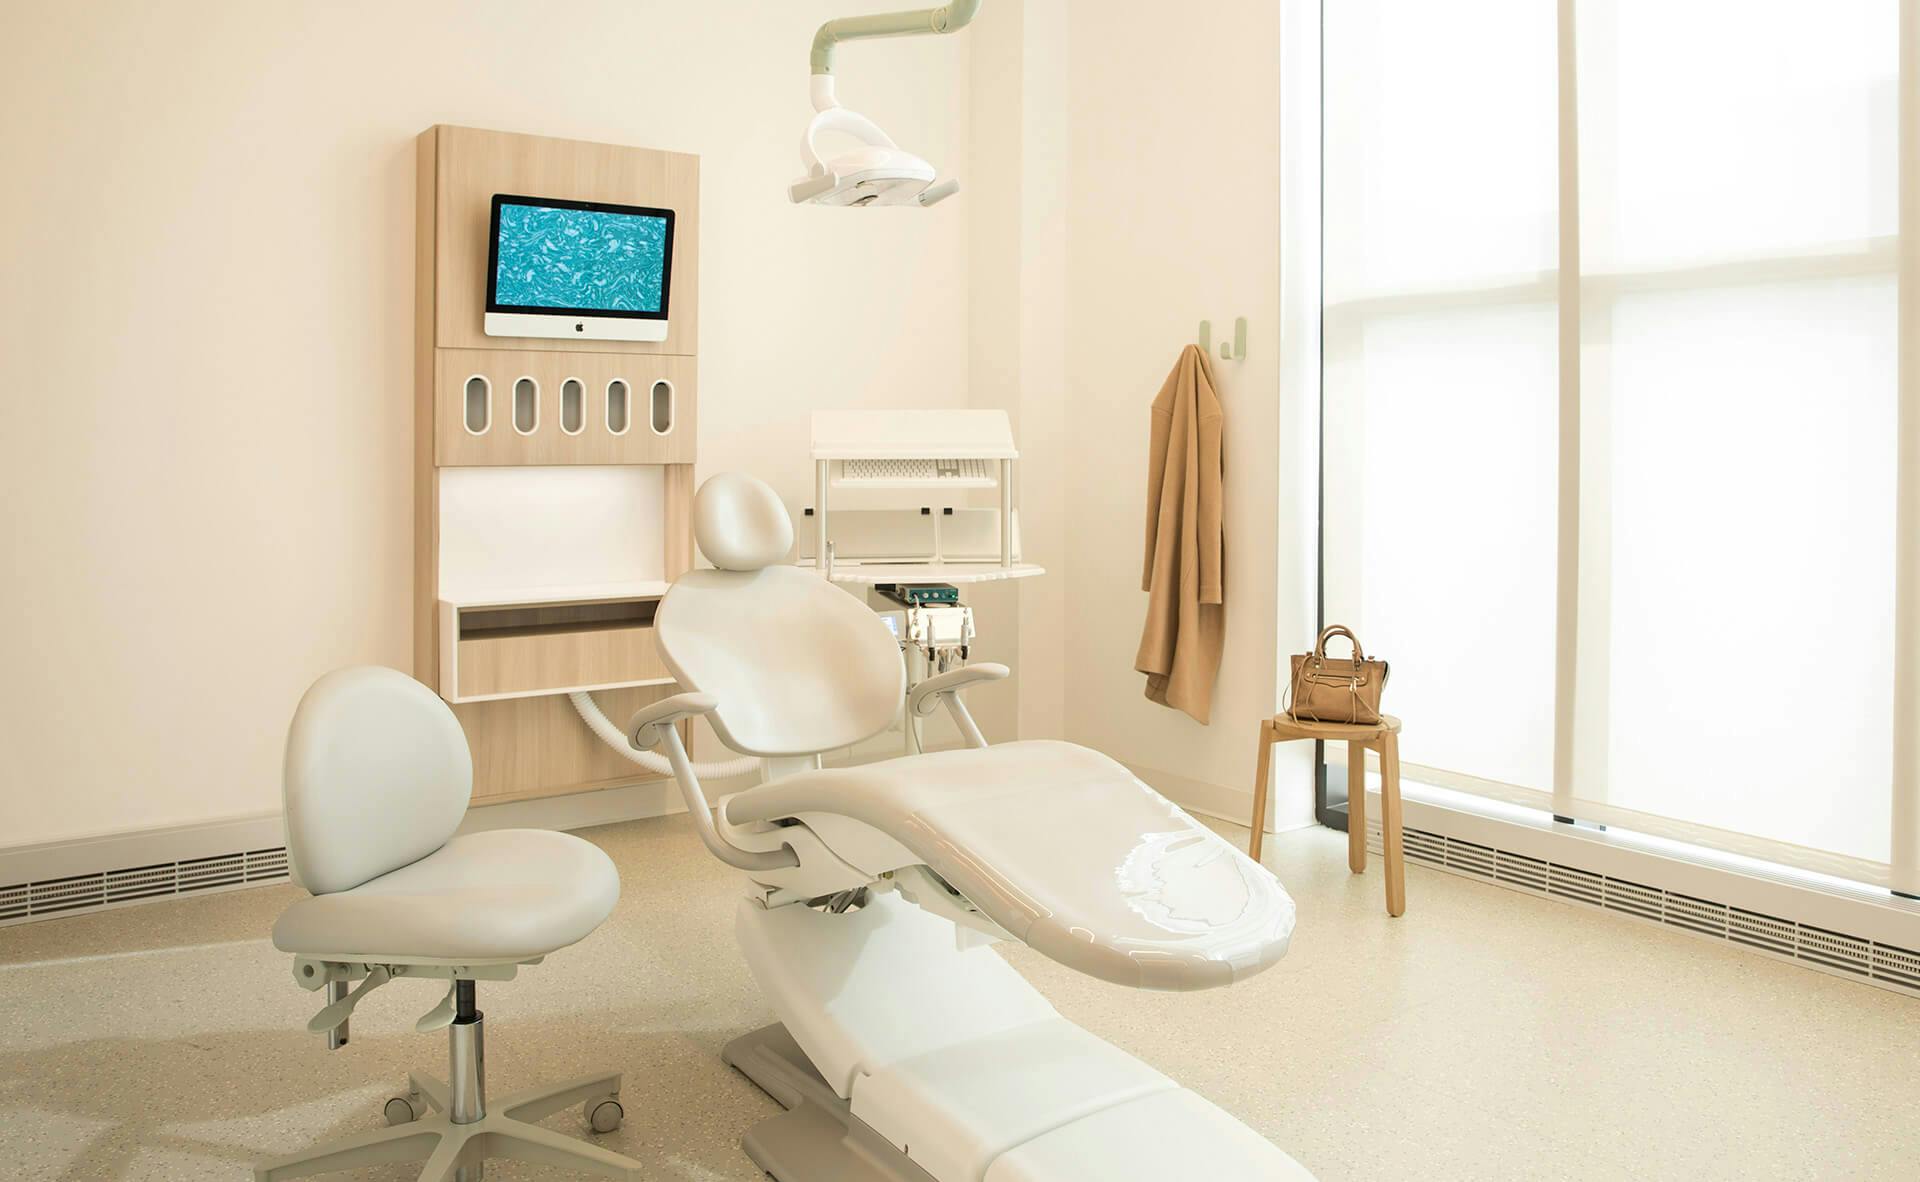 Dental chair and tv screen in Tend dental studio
--------------------
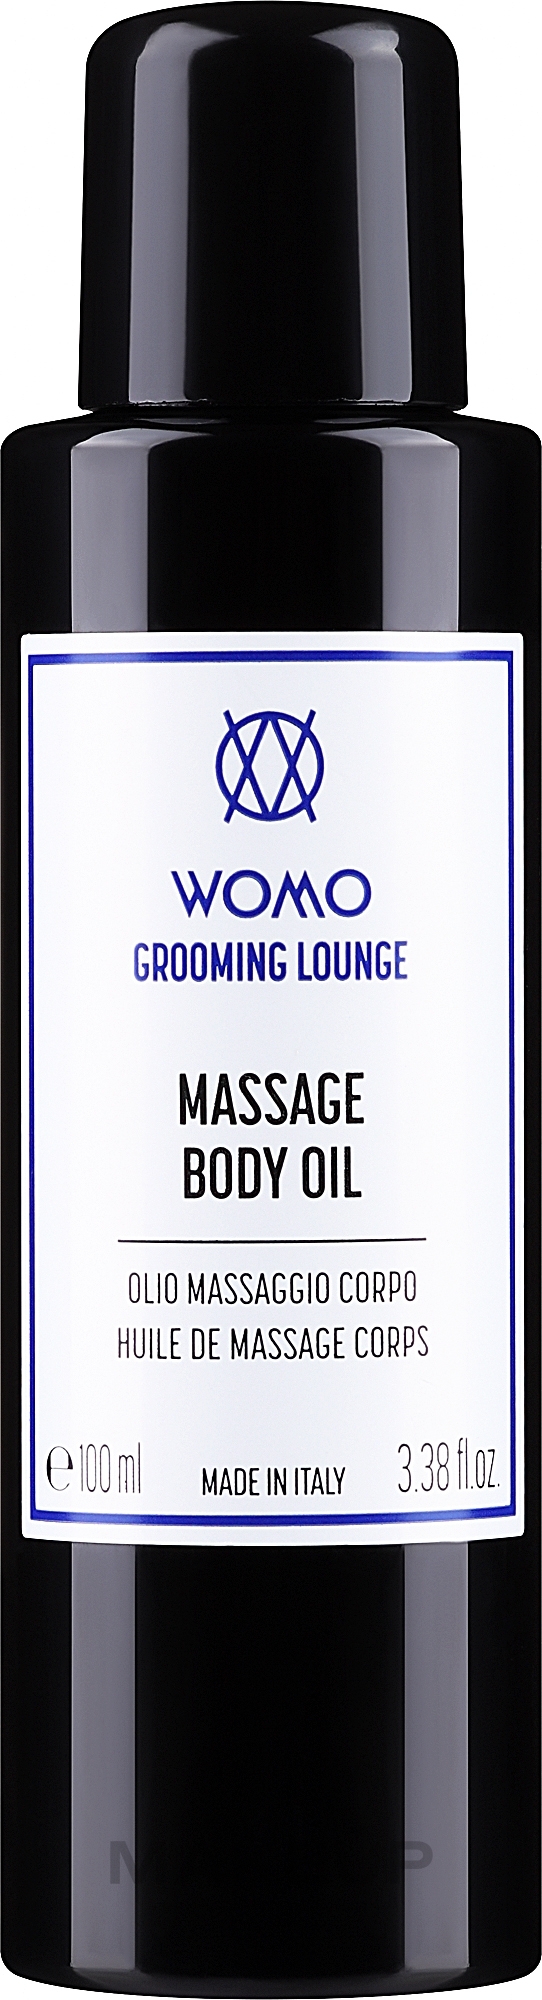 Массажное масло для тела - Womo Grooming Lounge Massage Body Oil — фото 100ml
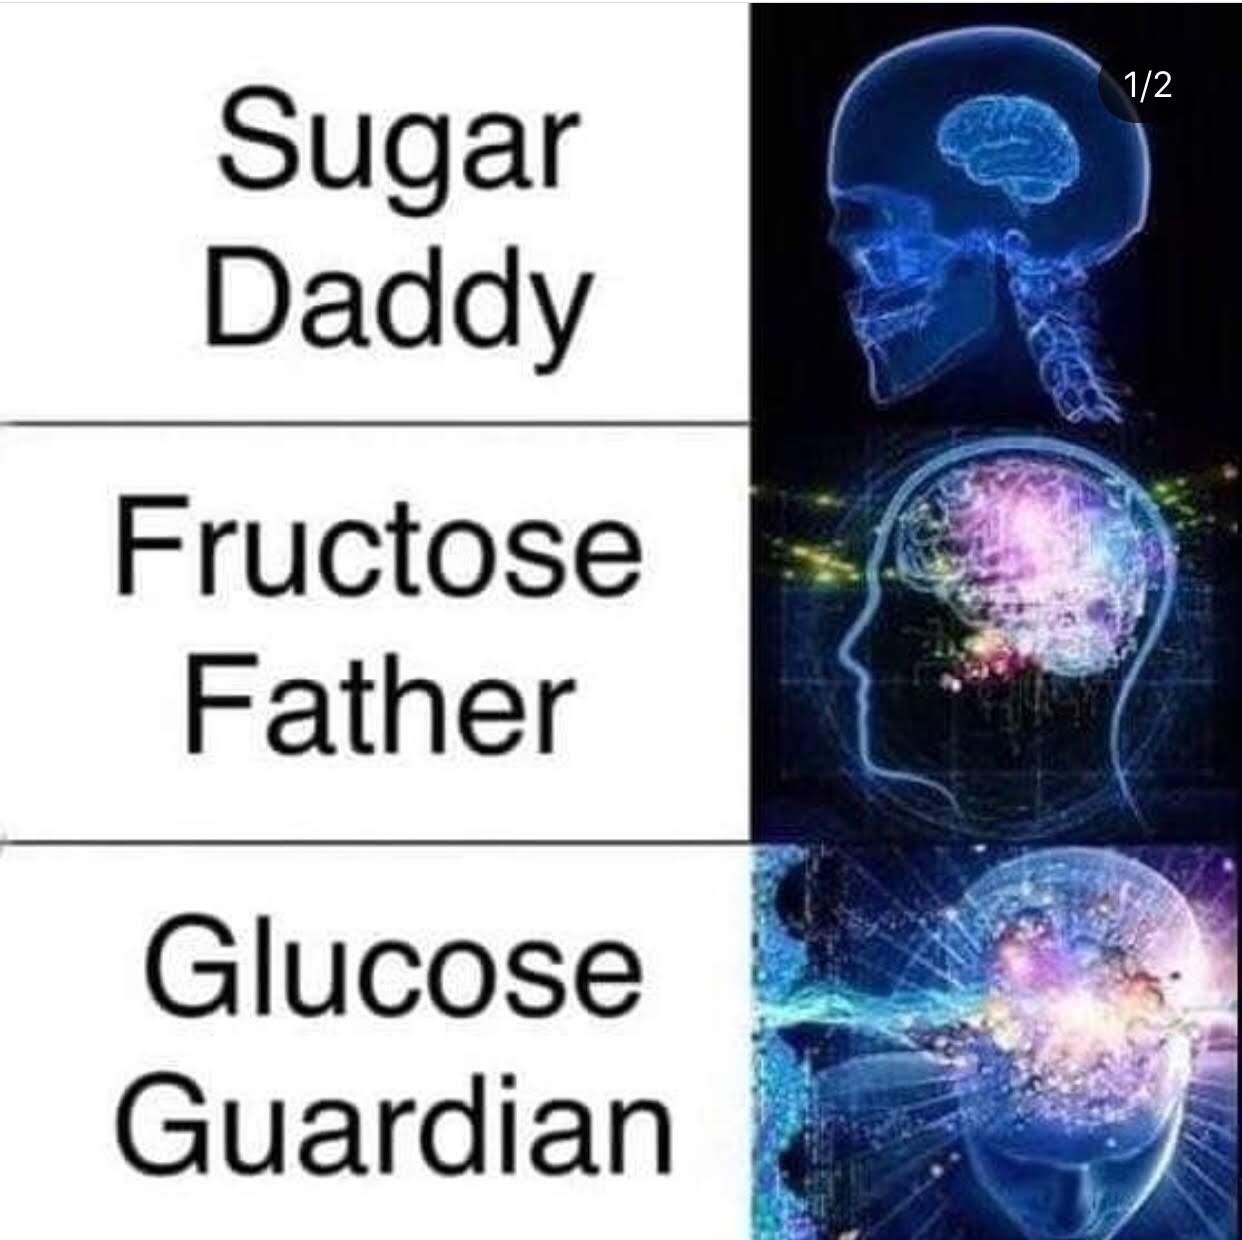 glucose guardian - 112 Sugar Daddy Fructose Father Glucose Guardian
--------------------
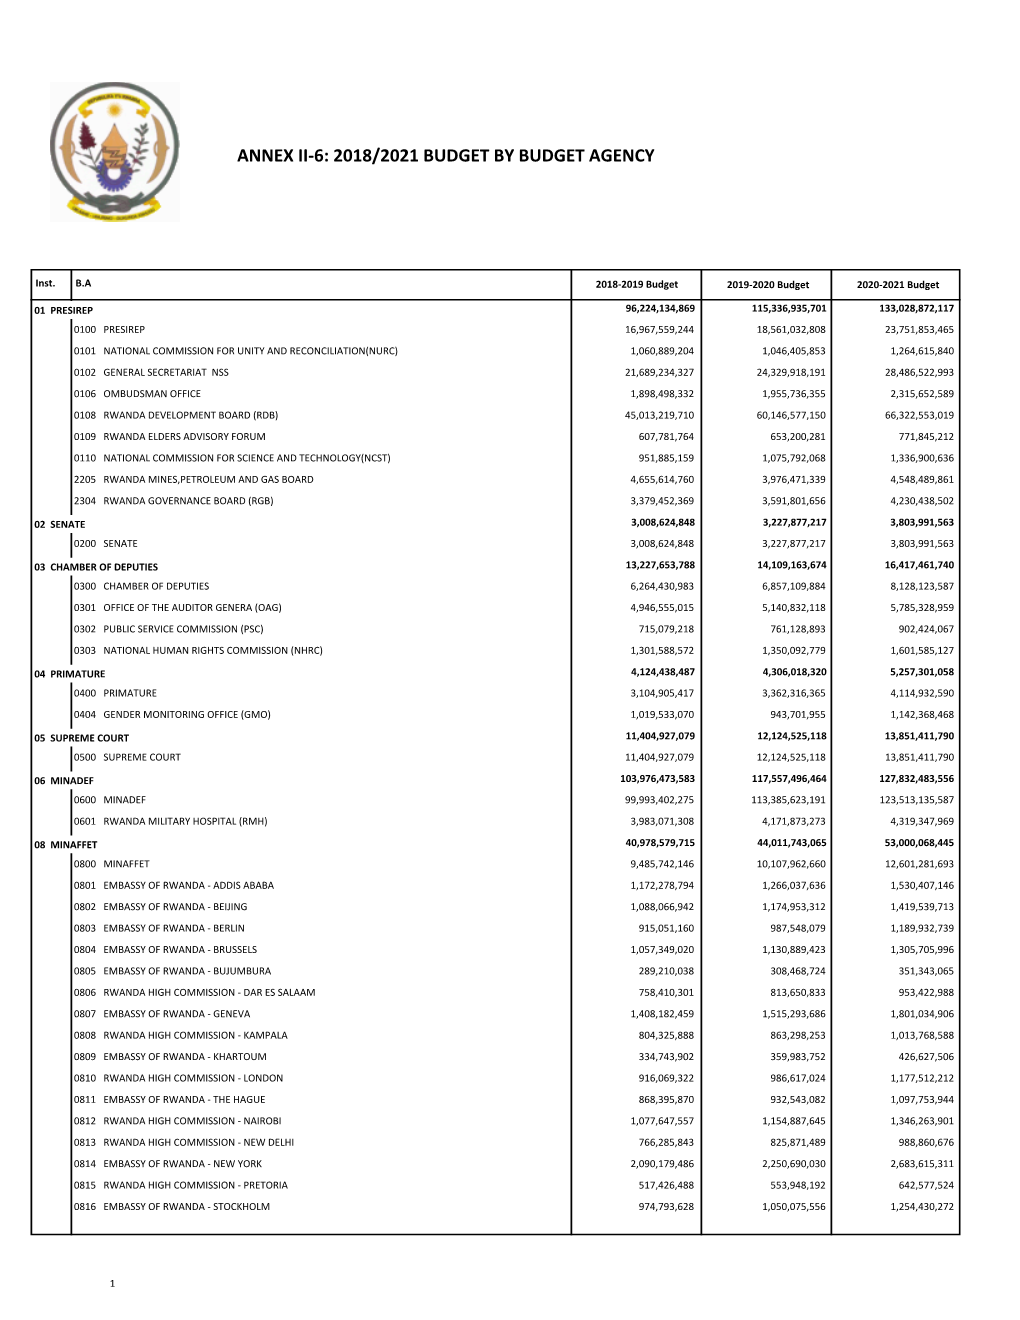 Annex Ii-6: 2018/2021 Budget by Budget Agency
--------------------
What to produce: Begin at the line in the entries above that has "Массажное масло для", stop after the line that has "glucose guardian - 112", and output exactly those lines without pictures.

Exercise output:
 Массажное масло для тела - Womo Grooming Lounge Massage Body Oil — фото 100ml
 glucose guardian - 112 Sugar Daddy Fructose Father Glucose Guardian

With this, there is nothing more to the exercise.